Garaufis continued, "Ultimately, however, this decision is not based on sympathy for the defendant or for his victims; nor is it based on a particular view of the efficacy or appropriateness of the death penalty generally. Rather, it is based on a careful interpretation of evolving Supreme Court precedent and a sober review of the evidence."
The judge noted that the experts "actually agreed on more than one might expect" about Wilson's intellectual disabilities.
"In fact, all six experts who testified on this issue determined that Wilson had deficits, in some cases significant, in various areas of adaptive functioning," he wrote.
Wilson's intellectual disabilities began at the age of 6, when he was hospitalized for psychiatric treatment and considered to be a suicide risk, according to court records.
The federal government has only executed three prisoners since 1963, though 60 remain on federal death row, according to the Death Penalty Information Center.

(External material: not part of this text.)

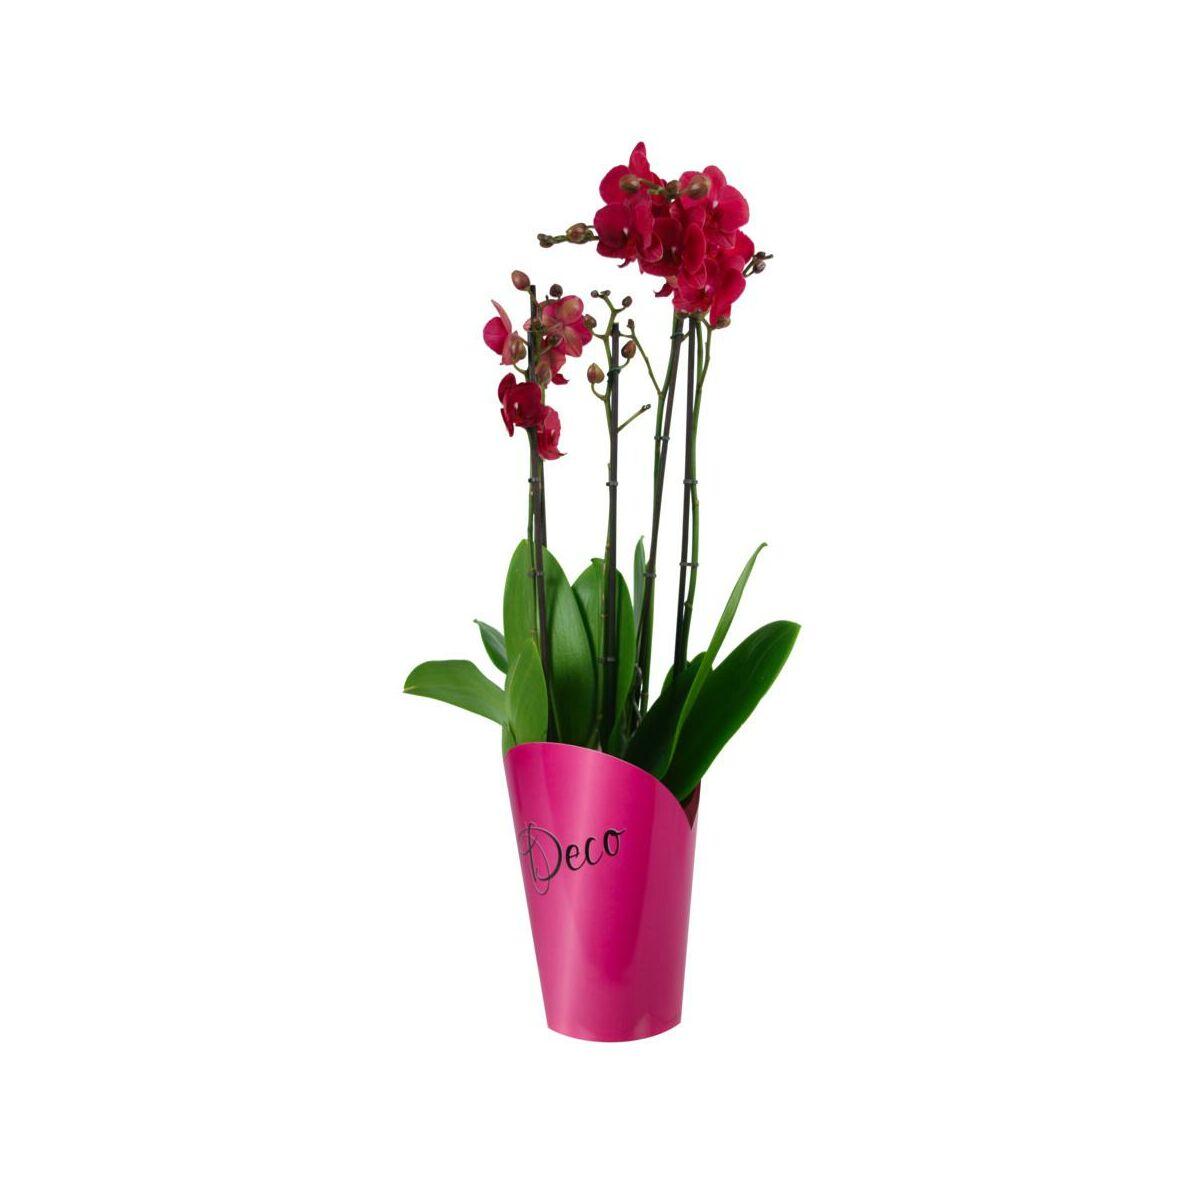 Storczyk Falenopsis 4 Pedy Mix 70 80 Cm Rosliny Kwitnace W Atrakcyjnej Cenie W Sklepach Leroy Merlin

Garaufis noted that some of these prisoners may have "colorable claims of intellectual disability."
David Stern, who represents Wilson for Rothman, Schneider, Soloway & Stern PC, hoped that the judge's "wonderful decision" would help others like his client.
"It would be a disgrace if we executed people who were intellectually disabled, that's for sure," he said in a phone interview.
A spokeswoman for the Eastern New York U.S. Attorney's office declined to comment on whether it would appeal the ruling.